5 de fevereiro de 2015

Constituinte, democracia e insurgência

*Wanderson Pimenta



"A dogmática jurídica é muito limitada frente à insurgência jurídica. E com o processo popular brasileiro estamos ante um direito insurgente." (Jesus Antonio de La Torre Rangel)

Existem alguns marcos que precisam ser observados. As manifestações de junho de 2103, quando milhões de jovens, nas mais diversas cidades brasileiras, saíram às ruas em luta por mais direitos, mesmo que de forma difusa e genérica. As manifestações de julho, organizadas pelas centrais sindicais, ainda que apresentadas pela mídia como um fracasso, que conseguiu mobilizar milhares de trabalhadores e trabalhadoras em todo o país. Ademais, existia no Brasil uma efervescência acima da média, que se deu no aumento do número de greves, bem como na duração das mesmas, e mobilizações autônomas dentro dos sindicatos, em que muitas vezes a base forçou às direções a irem além dos pactos ordeiros.


Todavia, é quase consensual a idéia de que o aumento das lutas sociais, como os enfrentamentos dos Sem Teto em São Paulo, por exemplo, não decorre de uma piora no nível de vida da população, mas sim, de um aumento das contradições, do caos nas grandes cidades etc. Lembrando que mesmo antes de junho, manifestações de jovens ocorreram em diversas capitais em defesa da redução das tarifas de transporte, como Goiânia, Natal e Porto Alegre, reunindo milhares.

Democracia

Estamos diante de uma democracia formal. Não foi por acaso que um morador de rua do Rio de Janeiro, Rafael Braga, foi preso durante as manifestações e condenado por portar duas garrafas plástica contendo água sanitária e desinfetante, sendo o único do período que permanece encarcerado; tem se transformado uma infeliz rotina os noticiários de morte e desaparecimento de jovens, negros e moradores das periferias. A democracia formal brasileira permite que grandes empresas elejam os seus representantes para os espaços de poder, transformando o Congresso Nacional próximo no mais conservador desde 1964. A democracia formal brasileira permite que vários meios de comunicação destruam cotidianamente a identidade, diversidade e autoestima do povo brasileiro.
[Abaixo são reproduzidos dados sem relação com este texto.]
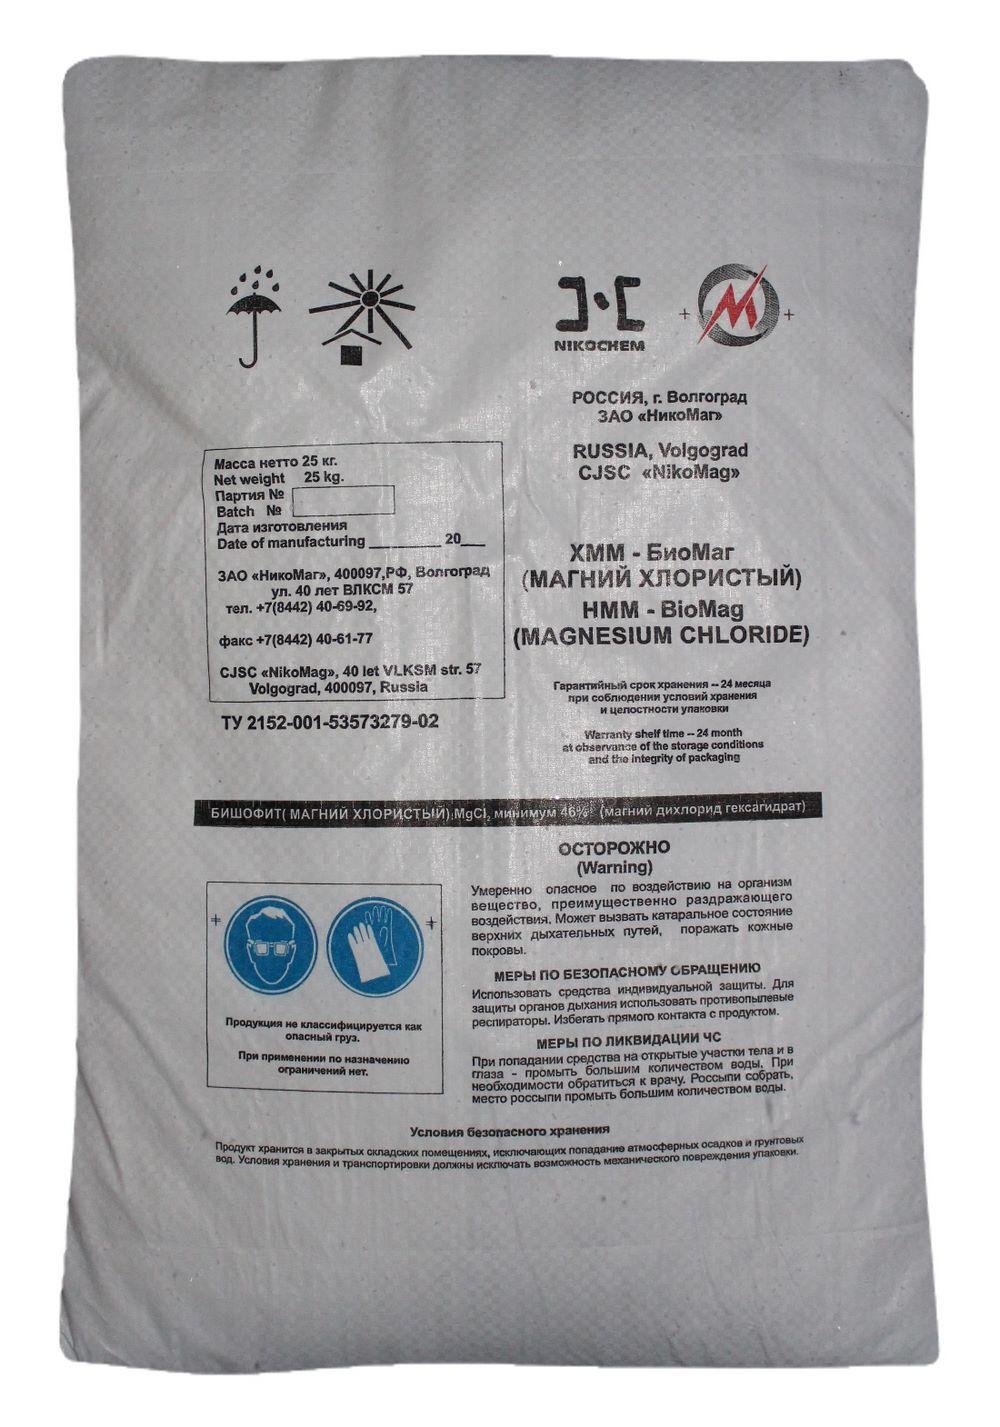 Реагент КаустикХММ-БиоМаг(Хлористый магний модифицированный – бишофит технический MgCl2) по 25 кг

Tentam passar a ideia de que a esquerda tem um "projeto de poder", enquanto eles tem um "projeto de país", como se o povo jamais pudesse sonhar com o poder, este local sujo, inóspito, inacessível, aberto apenas às mentes ilustres de técnicos, especialistas, de preferência aqueles e aquelas com formação no exterior. Nesse sentido, enquanto "os de cima" permanecem usufruindo de todas as benesses da democracia formal brasileira, "os de baixo" estão vigilantes e não mais dispostos a aceitar que "as coisas sempre foram assim, portanto, deverão continuar da mesma forma e não tem jeito". As elites econômicas saíram do armário, fizeram campanha, elegeram deputados e deputadas, senadores e senadoras, além de governadores. Perderam as eleições presidenciais mas continuam pautando o Congresso e a mídia. Derrotaram na Câmara o simples decreto da “Política Nacional de Participação Social”. Desacreditam no resultado das urnas, pedem recontagem, auditoria e impeachment. Setores mais atrasados defendem até a intervenção militar. 

Diante desse cenário, precisamos discutir a ampliação da participação popular. Precisamos dizer que não bastam conselhos, estes devem ser de fato populares e deliberativos! Contra a democracia dos gabinetes, a democracia das ruas! 

Assim, acredito que a bandeira da Constituinte Exclusiva pela Reforma Política, precedida de um Plebiscito Popular, precisa ser empunhada por todas as organizações de esquerda. Não bastam documentos, resoluções e retórica: é preciso mobilização e rua. Estamos diante de um período de rupturas, em que a ordem não consegue amarrar os conflitos. Em que os dogmas, de tão ultrapassados, já não fazem mais sentido. É nessa toada que defendemos um direito insurgente, que nasce das ruas, da participação popular, das barricadas, das ocupações, dos pequenos e médios comícios relâmpagos de agitação e propaganda. A insurgência jurídica que ajuda a modelar uma nova ordem social, pautada em compromissos livremente consentidos!

E que o nosso próximo junho seja um outubro!